The Art Of Abstraction

The English word 'abstract' is derived from the Latin word abstractus, meaning 'pulled away from'. (The Latin particle abs means 'away', and one may recognise 'tract' inside words like 'traction' and 'tractor', and see some connection to pulling. A farm tractor pulls a plough.)

The first use of abstract in Middle English was as a noun to describe the summary of a longer text. This usage is still standard in papers published in scientific journals, which nearly always have an Abstract at the start of the paper that summarises the key findings. The other main usages of the word abstract are 'non-material, not concrete' and 'general, not specific'. (There is also Abstract Art, which does not depict physical, material things (and is usually bloody awful).)

From the point of view of philosophy, the art of abstraction is an essential tool in the scientific method. It is therefore also an essential tool in engineering. To begin explaining how abstraction is so useful, we shall start with this definition:

To Abstract: To pull out the essential elements of something.

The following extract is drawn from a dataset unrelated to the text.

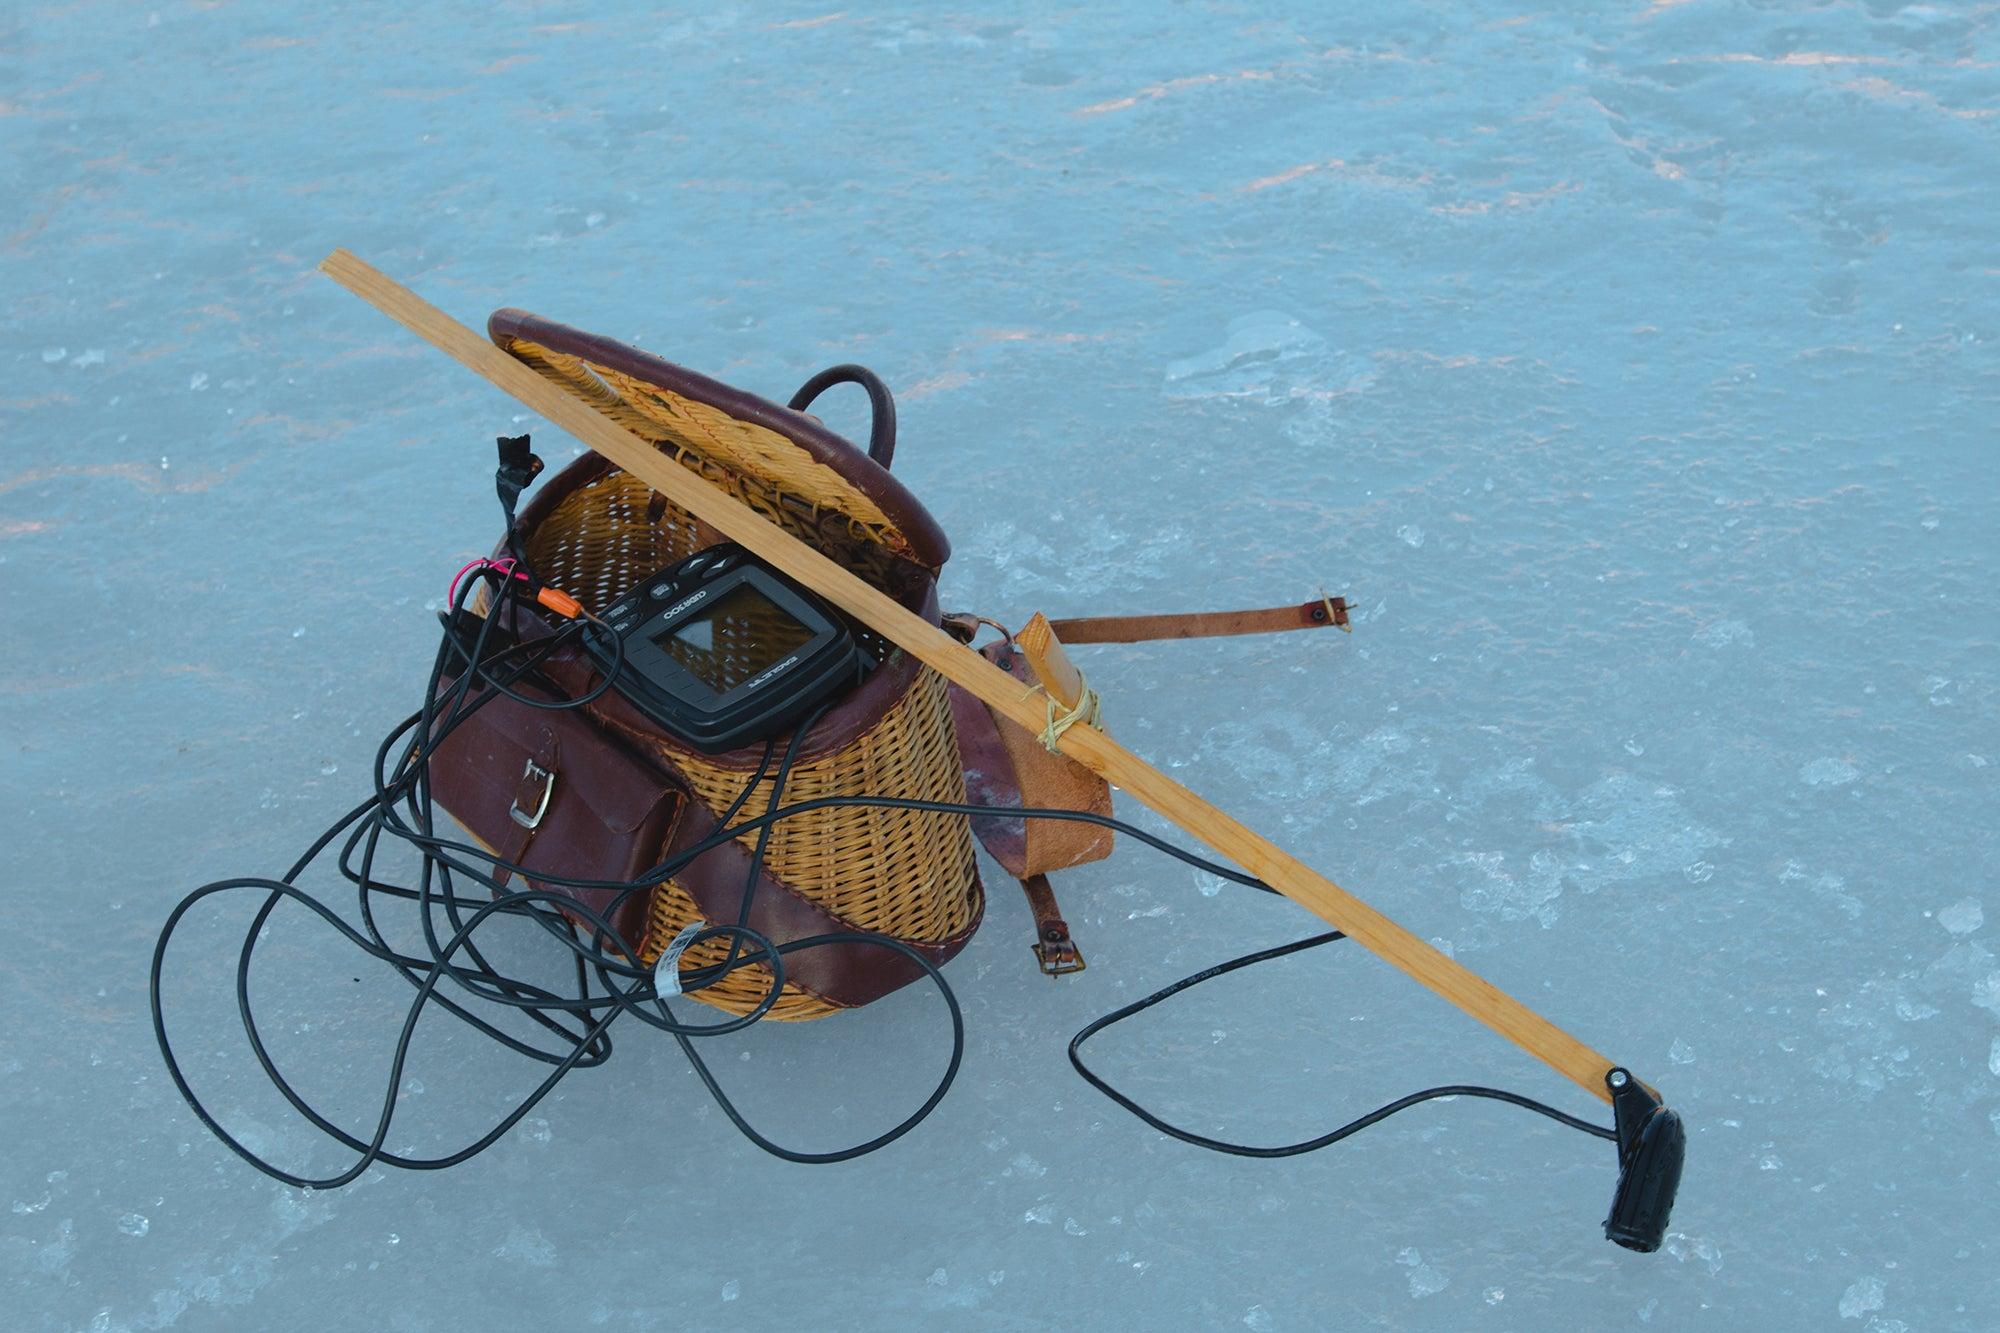 fishing gear in water

A corollary is that abstraction is the art of ignoring the irrelevant. We identify what is important, and ignore the rest because it does not matter to our intellectual context.

The great power of abstraction comes from the fact that a single concrete entity can be abstracted in different ways. There are many different abstractions to be made from a single thing.

Example: Consider an apple. There are many different 'essential' things that we can identify about the apple. Which elements we consider to be essential is a choice, that will depend on what we care about in the relevant intellectual context. Here are some elements of an apple, each of which could be considered the 'essential' element, depending on the intellectual context:

It is coloured red.
It is approximately spherical.
It is edible.
It is a member of the plant kingdom.
It has a lifespan measured in weeks (without special cold storage).
It is traded internationally.
Its retail price contributes to the Consumer Price Index measure of inflation.
Et cetera.

By abstracting from a concrete apple in these ways, we naturally tend to think in terms of categories or sets. An apple is is in the set of red things. An apple is in the set of plants. Et cetera. Categorical or set-based thinking is very natural to people with sufficient education in mathematics. In the modern world, primary school children learn the Venn diagrams of set theory. And the extension into formal Boolean algebra and propositional calculus may be encountered in the first year of university.

Categories: Abstractions In Common

As alluded to in our mention of sets above, if we abstract the same thing from two different concrete objects, we have found something that is common to both. For example, an apple is a plant, and a cactus is a plant; both belong to the set of 'plants'. Furthermore, an apple is edible, and a fish is edible; both belong to the set of 'edible things'.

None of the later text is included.